Amelia Peabody Tileston (1872–1920) was an American Red Cross worker in Serbia during World War I. She organized and conducted free canteens in the Serbian Army from her own personal funds. She was the first woman, not a Serbian, to whom the Order of St. Sava (third degree) was awarded.

==Early life and education==
Amelia Peabody Tileston was born on October 30, 1872, in Dorchester, Massachusetts. She was the third daughter, fourth of the seven children, of John Boies Tileston and Mary Wilder (Foote) Tileston. When she was two years old, her father bought a farm in Concord, Massachusetts, where the family lived for eight years. It was a milk farm of 200 acres, on the slope of Punkatasset Hill, running down to the Concord River, and it gave the children the freedom and varied interests of country life.
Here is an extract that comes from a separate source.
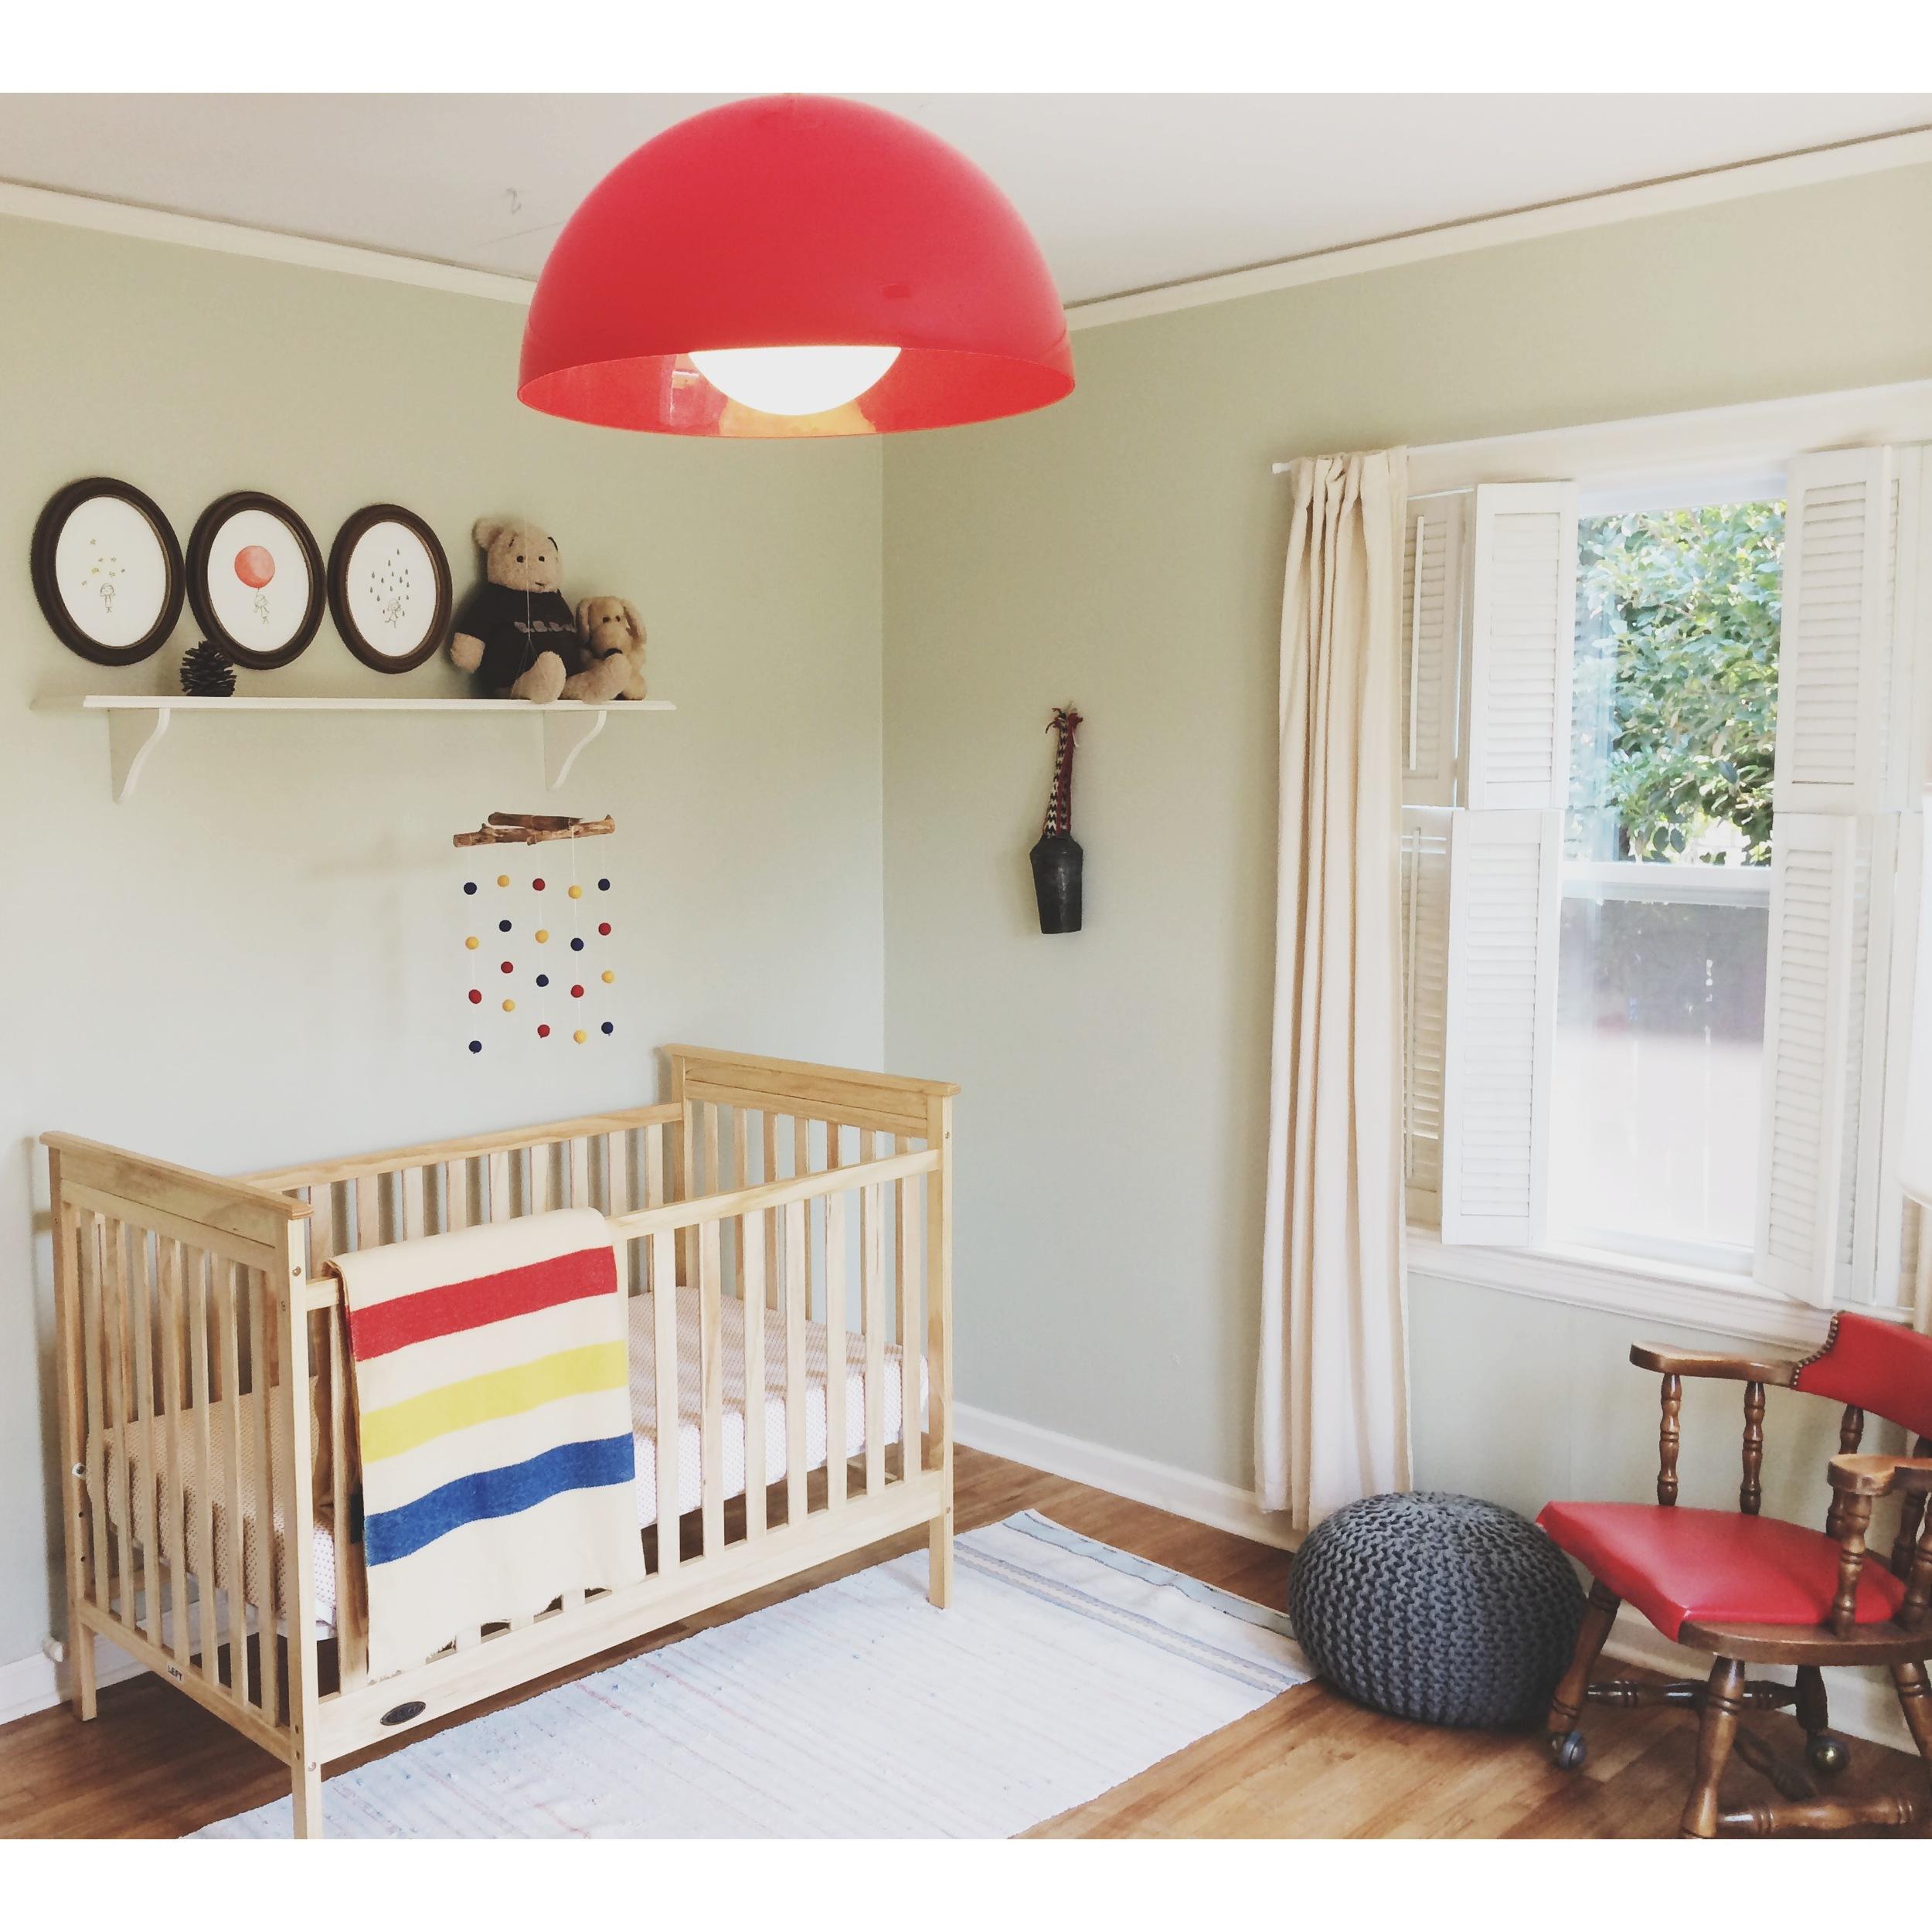 Baby aroline Jane's Vintage Modern Nursery our — etro Den - ^

After 1882, when the farm was sold, they lived for a few years in Salem, Massachusetts and then in Brookline, Massachusetts where Tileston enjoyed the companionship of other children, which she had not had before. In Brookline, she went to Miss Baker's school, and then, from Milton, Massachusetts, to which town the family moved in 1889, she went to St. Agnes' School in Albany, New York for a year, and, afterwards, to Miss Folsom's School in Boston.

She made her first trip to Europe in 1895, and went abroad many times afterward. She was especially fond of Italy, and of Cortina, in the Tyrol, where she took long walks through the mountainous countryside.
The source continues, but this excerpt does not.